Denard, ufficiale della marina francese impegnato nelle guerre di Indocina e Algeria, fu condannato a 14 mesi di prigione per essere stato giudicato implicato nel complotto di assassinare il Primo Ministro francese Pierre Mendès-France che stava negoziando la fine della guerra in Indocina e l’indipendenza del Marocco e Tunisia. Dopo la condanna Denard fu arruolato dai servizi segreti francesi per operazioni anti comuniste ed esecuzioni extra giudiziarie in Algeria.  Questo segna l’inizio della lunga collaborazione sotto Jacques Foccart, la mente del sistema di dominio imperiale FranceAfrique.
Lo ritroviamo nel 1961 in Congo, come mercenario per conto del Belgio con il compito di sostenere l’indipendenza del Katanga.  Denard partecipa come mercenario in vari conflitti: la guerra di liberazione in Rhodesia (Zimbabwe) Yemen, Iran, Nigeria, Benin, Gabon, Angola, Congo ma la sua carriera si concentra sulle isole Comoros. Per ordine di Foccart, organizza il golpe del 6 luglio 1975 che destituisce il Presidente nazionalista Ahmed Abdallah. Durante il regno del dittatore Ali Soilih messo dai francesi, Denard è responsabile della sicurezza presidenziale e intrattiene ottimi affari finanziari. Denard trasforma le Comoros in una base per le operazioni segrete a favore delle guerriglie fasciste in Mozambico e Angola. L’arcipelago viene anche usato dagli imprenditori francesi per raggirare l’embargo imposto al regime Boero in Sudafrica.

Nel 1978 Denard attua un nuovo colpo di Stato contro il dittatore Soilih per ristabilire la presidenza di Ahmed Abdallah, secondo ordini ricevuti da Parigi.
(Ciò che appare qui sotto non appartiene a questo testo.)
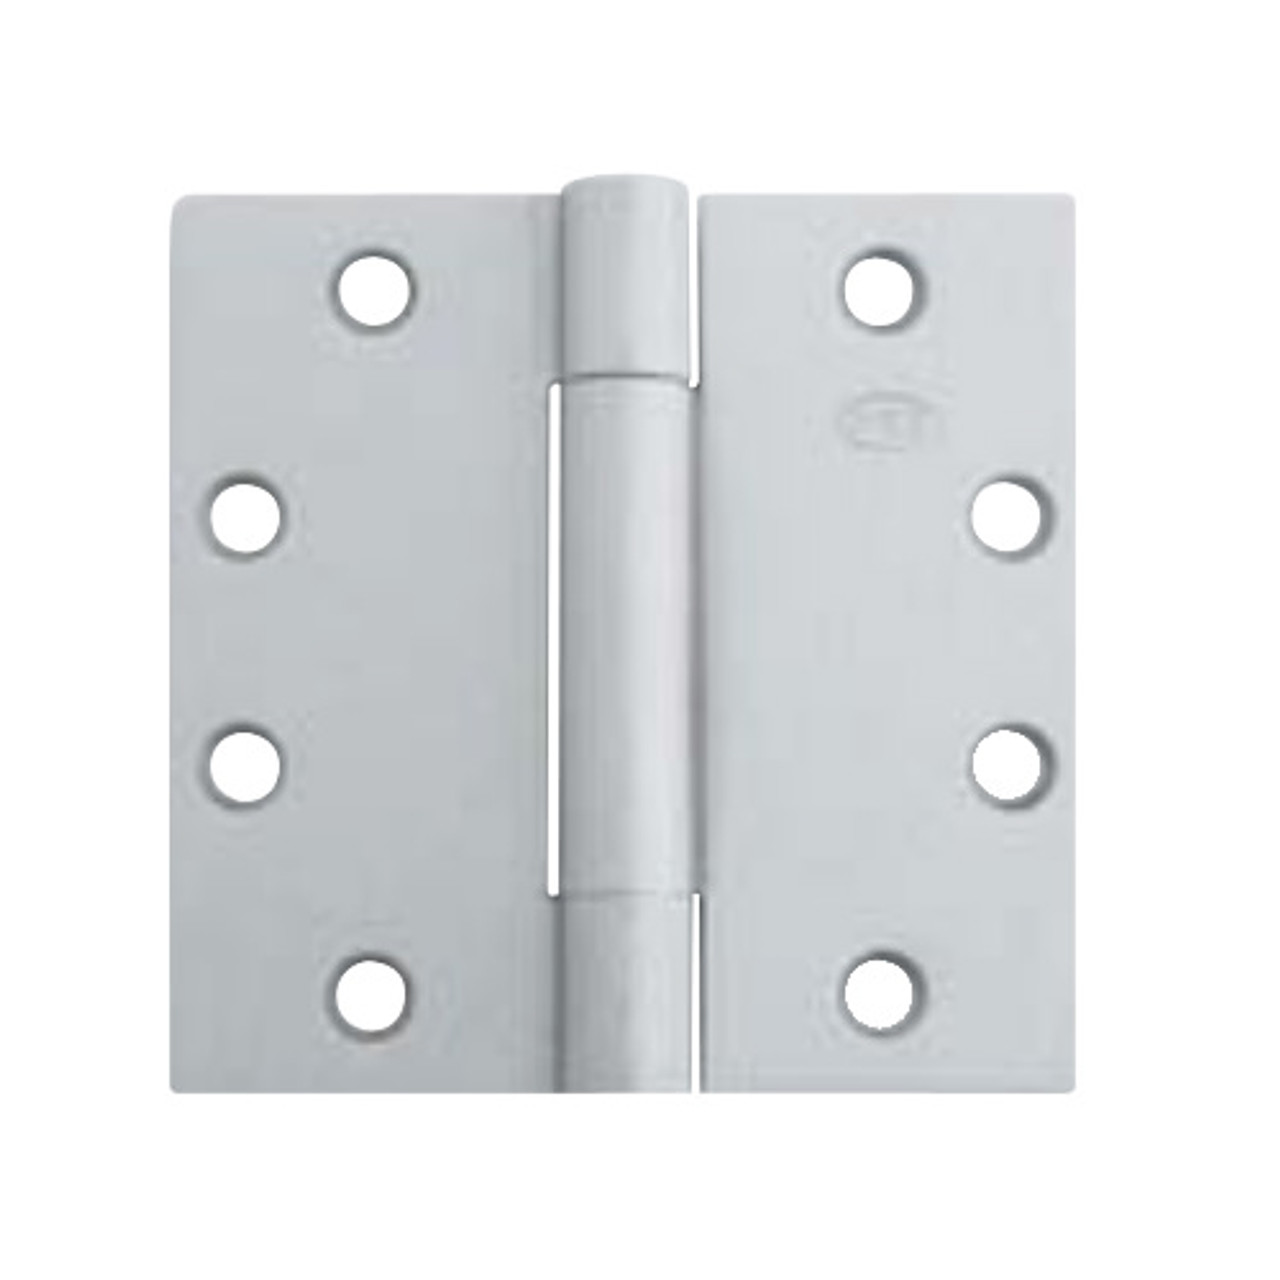 3CB1-4-5x4-600 IVES 3 Knuckle Concealed Bearing Full Mortise Hinge in Primed for Paint - Steel

Nel 1989 Denard riceve l’ordine di attuare un altro colpo di Stato contro il Presidente Abdallah che aveva richiesto la fine della presenza militare e imprenditoriale francese nel suo Paese. Durante il colpo di Stato Abdallah viene ucciso dai mercenari che porranno alla presidenza  Said Mohamed Djohar, fratellastro del dittatore Soilih. Denard ricompare nel settembre 1995 ricevendo l’incarico di organizzare l’ennesimo colpo di Stato nelle Comoros (Operazione Kaskari) a cui partecipano anche le unità speciali della gendarmeria francese.

Il 4 ottobre la Francia rivede i suoi piani e ordina alle unità GIGN presenti nell’arcipelago di arrestare Denard. Nei due processi che subirà emergono prove schiaccianti della complicità della Francia in tutte le attività eversive del mercenario e il ruolo di primo piano giocato dalle unità speciali della gendarmeria francese. Il tutto verrà insabbiato.
Denard viene condannato nel giugno 2007 all’ergastolo che non farà per ragioni di salute. Nell’ottobre dello stesso anno muore per complicazioni legate al morbo di Alzheimer.